**WORK REQUEST**
Write the records out again, keeping each line exactly as it is.

EXTRACTED ENTRIES below:

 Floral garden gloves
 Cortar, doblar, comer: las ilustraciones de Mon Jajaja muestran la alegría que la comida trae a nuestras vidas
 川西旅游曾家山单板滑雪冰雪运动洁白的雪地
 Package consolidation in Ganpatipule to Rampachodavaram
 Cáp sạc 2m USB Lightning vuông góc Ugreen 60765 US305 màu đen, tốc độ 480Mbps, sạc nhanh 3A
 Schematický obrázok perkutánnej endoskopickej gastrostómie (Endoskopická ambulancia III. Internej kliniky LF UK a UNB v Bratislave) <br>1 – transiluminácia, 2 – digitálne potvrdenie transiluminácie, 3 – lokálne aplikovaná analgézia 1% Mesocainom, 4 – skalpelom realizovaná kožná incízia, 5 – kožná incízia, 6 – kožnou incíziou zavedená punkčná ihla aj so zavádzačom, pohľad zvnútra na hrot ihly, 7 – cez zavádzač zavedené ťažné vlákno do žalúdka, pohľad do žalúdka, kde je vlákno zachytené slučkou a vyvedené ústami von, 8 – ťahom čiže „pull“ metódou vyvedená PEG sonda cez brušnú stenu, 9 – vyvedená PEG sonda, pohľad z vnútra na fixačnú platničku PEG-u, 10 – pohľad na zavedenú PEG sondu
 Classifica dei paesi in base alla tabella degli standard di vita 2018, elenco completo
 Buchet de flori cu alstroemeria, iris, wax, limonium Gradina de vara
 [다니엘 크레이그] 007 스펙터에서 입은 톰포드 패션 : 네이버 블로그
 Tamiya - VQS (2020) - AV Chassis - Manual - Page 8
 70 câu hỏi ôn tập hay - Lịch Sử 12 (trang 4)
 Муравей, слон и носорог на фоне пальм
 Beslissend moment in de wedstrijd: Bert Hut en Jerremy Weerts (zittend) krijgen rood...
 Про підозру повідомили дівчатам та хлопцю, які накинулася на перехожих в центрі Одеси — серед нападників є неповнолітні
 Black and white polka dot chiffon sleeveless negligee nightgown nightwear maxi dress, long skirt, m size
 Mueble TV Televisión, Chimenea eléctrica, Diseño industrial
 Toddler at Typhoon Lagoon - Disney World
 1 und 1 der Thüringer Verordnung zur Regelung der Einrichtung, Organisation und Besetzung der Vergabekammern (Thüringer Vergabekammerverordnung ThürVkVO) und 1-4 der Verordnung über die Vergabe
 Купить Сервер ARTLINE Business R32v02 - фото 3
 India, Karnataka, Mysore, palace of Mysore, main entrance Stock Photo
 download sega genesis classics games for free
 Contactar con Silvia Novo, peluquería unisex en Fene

End of EXTRACTED ENTRIES.

**ANSWER**
 Floral garden gloves
 Cortar, doblar, comer: las ilustraciones de Mon Jajaja muestran la alegría que la comida trae a nuestras vidas
 川西旅游曾家山单板滑雪冰雪运动洁白的雪地
 Package consolidation in Ganpatipule to Rampachodavaram
 Cáp sạc 2m USB Lightning vuông góc Ugreen 60765 US305 màu đen, tốc độ 480Mbps, sạc nhanh 3A
 Schematický obrázok perkutánnej endoskopickej gastrostómie (Endoskopická ambulancia III. Internej kliniky LF UK a UNB v Bratislave) <br>1 – transiluminácia, 2 – digitálne potvrdenie transiluminácie, 3 – lokálne aplikovaná analgézia 1% Mesocainom, 4 – skalpelom realizovaná kožná incízia, 5 – kožná incízia, 6 – kožnou incíziou zavedená punkčná ihla aj so zavádzačom, pohľad zvnútra na hrot ihly, 7 – cez zavádzač zavedené ťažné vlákno do žalúdka, pohľad do žalúdka, kde je vlákno zachytené slučkou a vyvedené ústami von, 8 – ťahom čiže „pull“ metódou vyvedená PEG sonda cez brušnú stenu, 9 – vyvedená PEG sonda, pohľad z vnútra na fixačnú platničku PEG-u, 10 – pohľad na zavedenú PEG sondu
 Classifica dei paesi in base alla tabella degli standard di vita 2018, elenco completo
 Buchet de flori cu alstroemeria, iris, wax, limonium Gradina de vara
 [다니엘 크레이그] 007 스펙터에서 입은 톰포드 패션 : 네이버 블로그
 Tamiya - VQS (2020) - AV Chassis - Manual - Page 8
 70 câu hỏi ôn tập hay - Lịch Sử 12 (trang 4)
 Муравей, слон и носорог на фоне пальм
 Beslissend moment in de wedstrijd: Bert Hut en Jerremy Weerts (zittend) krijgen rood...
 Про підозру повідомили дівчатам та хлопцю, які накинулася на перехожих в центрі Одеси — серед нападників є неповнолітні
 Black and white polka dot chiffon sleeveless negligee nightgown nightwear maxi dress, long skirt, m size
 Mueble TV Televisión, Chimenea eléctrica, Diseño industrial
 Toddler at Typhoon Lagoon - Disney World
 1 und 1 der Thüringer Verordnung zur Regelung der Einrichtung, Organisation und Besetzung der Vergabekammern (Thüringer Vergabekammerverordnung ThürVkVO) und 1-4 der Verordnung über die Vergabe
 Купить Сервер ARTLINE Business R32v02 - фото 3
 India, Karnataka, Mysore, palace of Mysore, main entrance Stock Photo
 download sega genesis classics games for free
 Contactar con Silvia Novo, peluquería unisex en Fene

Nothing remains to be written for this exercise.